START GIVEN RECORDS

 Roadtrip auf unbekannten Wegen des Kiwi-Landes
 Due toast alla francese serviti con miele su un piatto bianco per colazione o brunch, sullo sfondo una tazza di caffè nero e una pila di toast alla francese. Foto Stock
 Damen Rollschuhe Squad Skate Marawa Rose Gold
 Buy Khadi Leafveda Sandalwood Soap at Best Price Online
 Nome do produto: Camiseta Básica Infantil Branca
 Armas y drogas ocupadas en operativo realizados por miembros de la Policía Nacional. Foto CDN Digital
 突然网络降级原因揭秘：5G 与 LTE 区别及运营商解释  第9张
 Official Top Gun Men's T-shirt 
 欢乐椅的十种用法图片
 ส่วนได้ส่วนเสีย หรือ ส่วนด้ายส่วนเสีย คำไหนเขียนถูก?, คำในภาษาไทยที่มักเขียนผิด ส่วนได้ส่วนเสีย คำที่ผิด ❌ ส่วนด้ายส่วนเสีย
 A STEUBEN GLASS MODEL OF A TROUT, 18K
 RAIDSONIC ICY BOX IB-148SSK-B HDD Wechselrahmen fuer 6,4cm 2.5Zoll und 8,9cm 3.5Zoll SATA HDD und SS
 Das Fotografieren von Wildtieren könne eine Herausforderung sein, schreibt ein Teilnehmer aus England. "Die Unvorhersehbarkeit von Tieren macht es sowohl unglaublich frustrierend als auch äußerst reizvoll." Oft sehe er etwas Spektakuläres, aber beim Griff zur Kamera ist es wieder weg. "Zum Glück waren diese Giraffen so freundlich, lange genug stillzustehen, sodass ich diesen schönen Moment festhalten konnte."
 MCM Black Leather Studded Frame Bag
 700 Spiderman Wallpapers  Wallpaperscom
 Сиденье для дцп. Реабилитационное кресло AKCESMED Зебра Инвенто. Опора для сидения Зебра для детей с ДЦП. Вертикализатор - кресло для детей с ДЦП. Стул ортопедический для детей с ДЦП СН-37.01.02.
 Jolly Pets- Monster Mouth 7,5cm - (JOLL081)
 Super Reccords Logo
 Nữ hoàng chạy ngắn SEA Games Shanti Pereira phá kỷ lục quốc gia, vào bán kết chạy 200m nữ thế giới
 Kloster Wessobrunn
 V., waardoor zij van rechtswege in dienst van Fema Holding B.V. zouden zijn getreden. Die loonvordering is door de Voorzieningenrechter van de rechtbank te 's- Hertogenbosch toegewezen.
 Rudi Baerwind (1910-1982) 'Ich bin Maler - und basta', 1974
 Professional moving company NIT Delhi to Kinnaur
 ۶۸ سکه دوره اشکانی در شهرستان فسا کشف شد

END GIVEN RECORDS

> YOUR INSTRUCTIONS: Given the records above, return exactly the lines starting at the line containing "V., waardoor zij" and ending at the line containing "Rudi Baerwind (1910-1982)", including both.

> ANSWER AREA:
 V., waardoor zij van rechtswege in dienst van Fema Holding B.V. zouden zijn getreden. Die loonvordering is door de Voorzieningenrechter van de rechtbank te 's- Hertogenbosch toegewezen.
 Rudi Baerwind (1910-1982) 'Ich bin Maler - und basta', 1974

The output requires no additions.